Не сразу вспомнила, что директрису зовут Инна Валерьевна. А она на приветствие не ответила. И моему разгневанному лицу не удивилась. И вообще выглядела странно.

Прическа, в школьные времена представлявшаяся мне чем-то вроде сторожевой башни — такая же несокрушимая — сбита набок. Старомодная сережка с изумрудом осталась в одном ухе. Блузка выглядела так, будто ее отжали в стиральной машине, не стирая. Юбка перекрутилась, боковой шов красовался спереди. По колготине на правой ноге поползла широченная стрелка. А запах от этой дамы… ух. В подворотнях так не воняет.

— Я к Дмитрию Владимировичу, — севшим, будто сутки напролет песни орала, голосом объявила директриса. Потянулась ко мне, словно пытаясь обнюхать.

Я отстранилась:

— Что с вами?

— Закрыл, — изучив меня, непонятно сообщила директриса. И, похоже, тут же потеряла ко мне всякий интерес. Уверенно, как к себе домой, зашла в квартиру.

— Кто закрыл? — Я обалдела еще больше. — Что?

— Где Дмитрий Владимирович? — Кажется, мои вопросы интересовали директрису не больше, чем я сама.

— Он… уехал.

— Куда? — Директриса направилась прямиком на кухню.

— По делам. — Я опомнилась. Какая бы ты ни была начальница, и какое там личное горе тебя ни постигло — я вспомнила, Дима говорил, что у Инны Валерьевны вчера умер муж, — это не повод так бесцеремонно в чужое жилье вламываться. — Что вам нужно?!

— Вот интересно, кстати? — Вставшая в дверях кухни Элеонора скрестила руки на груди. — Вам русским языком сказали — Дмитрия Владимировича нет! Если с обыском, то ордер предъявите. Только сначала юбочку поправьте. И, это… — Она ткнула пальцем в сбившуюся набок башню на голове директрисы. — Вы, извиняюсь, сколько дней голову не мыли?

— Ты знаешь, где он, — объявила директриса, глядя на Элеонору.

— Психиатр-то? — обрадовалась Эля. — Да еще б не знала! Димочка с недомерком… ой, с лучшим другом, то есть, в те края дорожку давно протоптал! Жанн, вызывай «скорую». Чую — сейчас нас с ветерком прокатят… И полицию заодно — психи, говорят, в период обострений опасные. А которые директора школ, тех вообще сразу изолировать надо. У них еще и профессиональная деформация.

Я поморщилась:

— Слушай, перестань! Видишь же, не в себе человек. — Взяла телефон, пытаясь сообразить: достаточно ли просто набрать 02, или есть какой-то специальный номер.

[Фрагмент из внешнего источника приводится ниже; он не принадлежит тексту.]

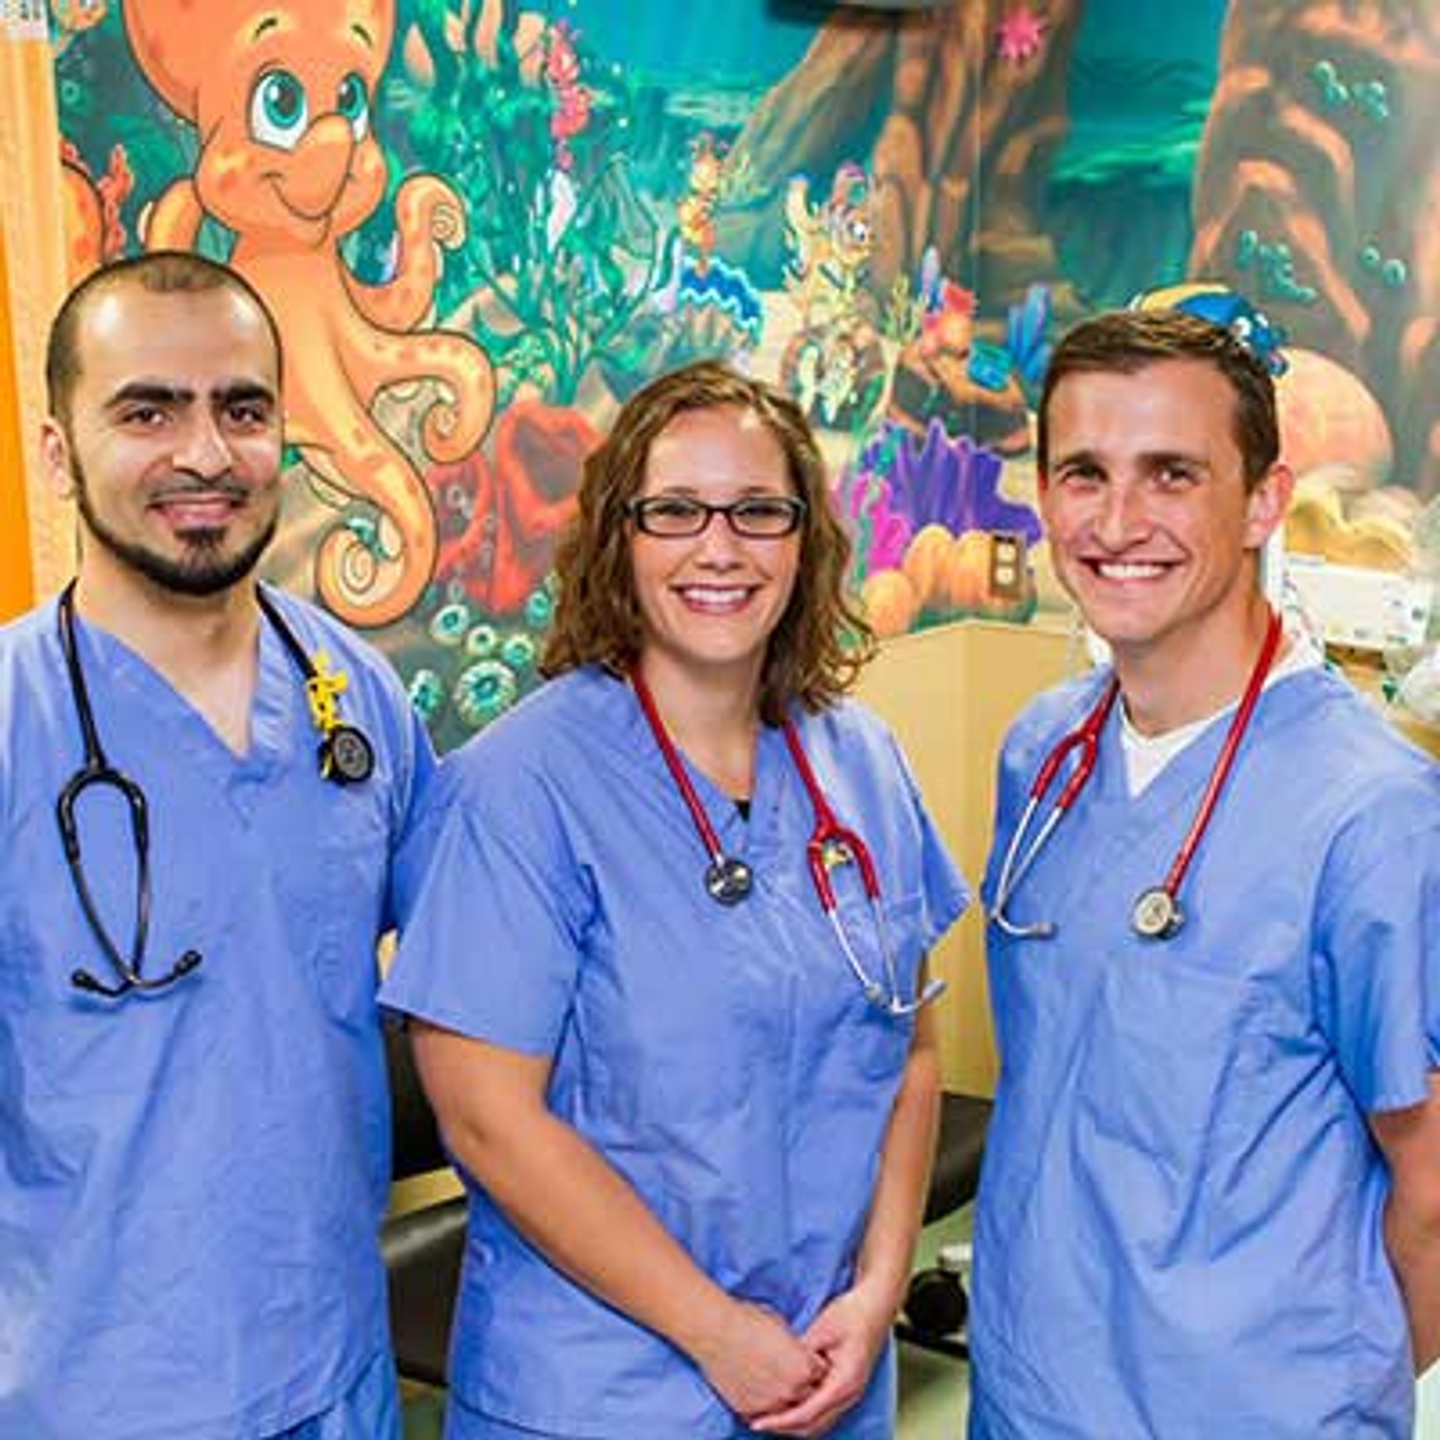 Three staff members of Gulf Coast Hospital posing in front of an ocean-themed mural.

— Не могли бы вы подвезти меня до дома? — светски осведомилась меж тем директриса. Она обращалась к Элеоноре. — Вы ведь на машине? А я очень устала. С утра на ногах.

Я представила, что сейчас прилетит в ответ бедной свихнувшейся тетке, и захотелось зажмуриться.

— Эля…

— Конечно, — пару секунд спустя тем же светским тоном, но каким-то не своим, придушенным голосом отозвалась Элеонора. — Я вас подвезу.

И спокойно пошла к двери. По-прежнему держа руки скрещенными на груди.

Директриса, грохая каблуками туфель, поспешила за ней. Я, совершенно обалдевшая — за директрисой.

— Эля… С тобой все нормально?

— Да. — Голос Элеоноры по-прежнему звучал так, будто ее душат. Ко мне она не повернулась, шагнула через порог. — Со мной все хорошо. Я отвезу Инну Валерьевну домой.

— Прямо в тапочках поедешь? — уточнила я. — И сумку не возьмешь?

— Ах, да. Забыла.

Эля вернулась. Сняла тапочки и принялась напяливать туфли.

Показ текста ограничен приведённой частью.